Incumbents, Not Startups, Are Regulatory Arbitrageurs - cjbest
https://diff.substack.com/p/incumbents-not-startups-are-regulatory?r=2&utm_campaign=post&utm_medium=web&utm_source=hackernews
======
asciimike
Not entirely related, but I very much enjoyed the reference to _United States
vs Forty Barrels and Twenty Kegs of Coca-Cola_ [1], which led me to the
category of _in rem_ [2] cases. These are most commonly referenced in civil
forfeiture cases (e.g. _US vs <some amount of money>_), and always struck me
as slightly ridiculous ("what did the money ever do wrong?").

[1]:
[https://en.wikipedia.org/wiki/United_States_v._Forty_Barrels...](https://en.wikipedia.org/wiki/United_States_v._Forty_Barrels_%26_Twenty_Kegs_of_Coca-
Cola) [2]:
[https://en.wikipedia.org/wiki/In_rem_jurisdiction](https://en.wikipedia.org/wiki/In_rem_jurisdiction)

------
machinehermit
I was just reading a statarb paper this morning.

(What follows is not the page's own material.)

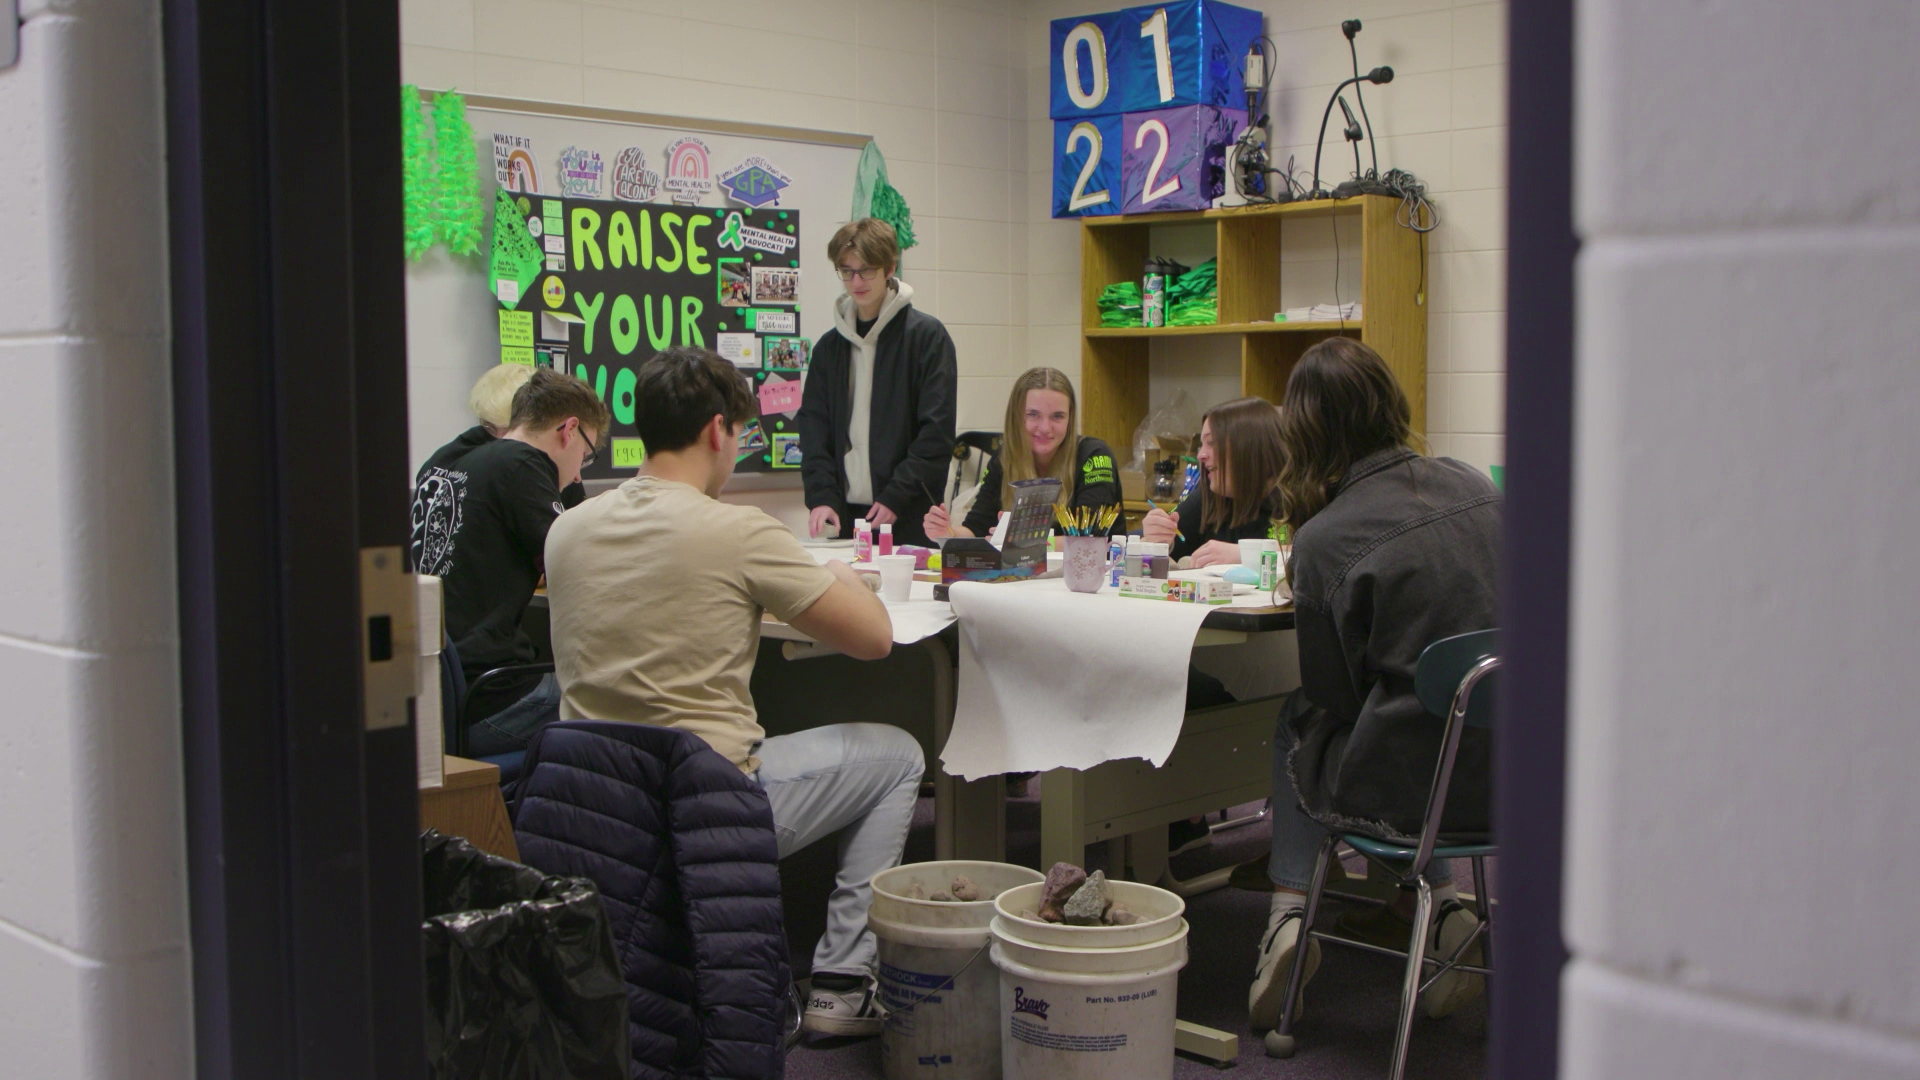 Multiple students sit around a table and work on a painting project in a room with painted concrete-block walls, shelves, a whiteboard and collage-style poster with the words "Raise Your Voice."

We really should have came up with a different word and left arbitrage alone
back in the day.

I can't remember the last time I read about an arbitrage that was actually an
arbitrage.

Now everything is basically "garage sale arbitrage". I bought a piece of junk
at a garage sale and sold it on ebay for a profit. "Risk free profit", cha
ching. Just a total corruption of the actual concept.

I get it though,it is a great word.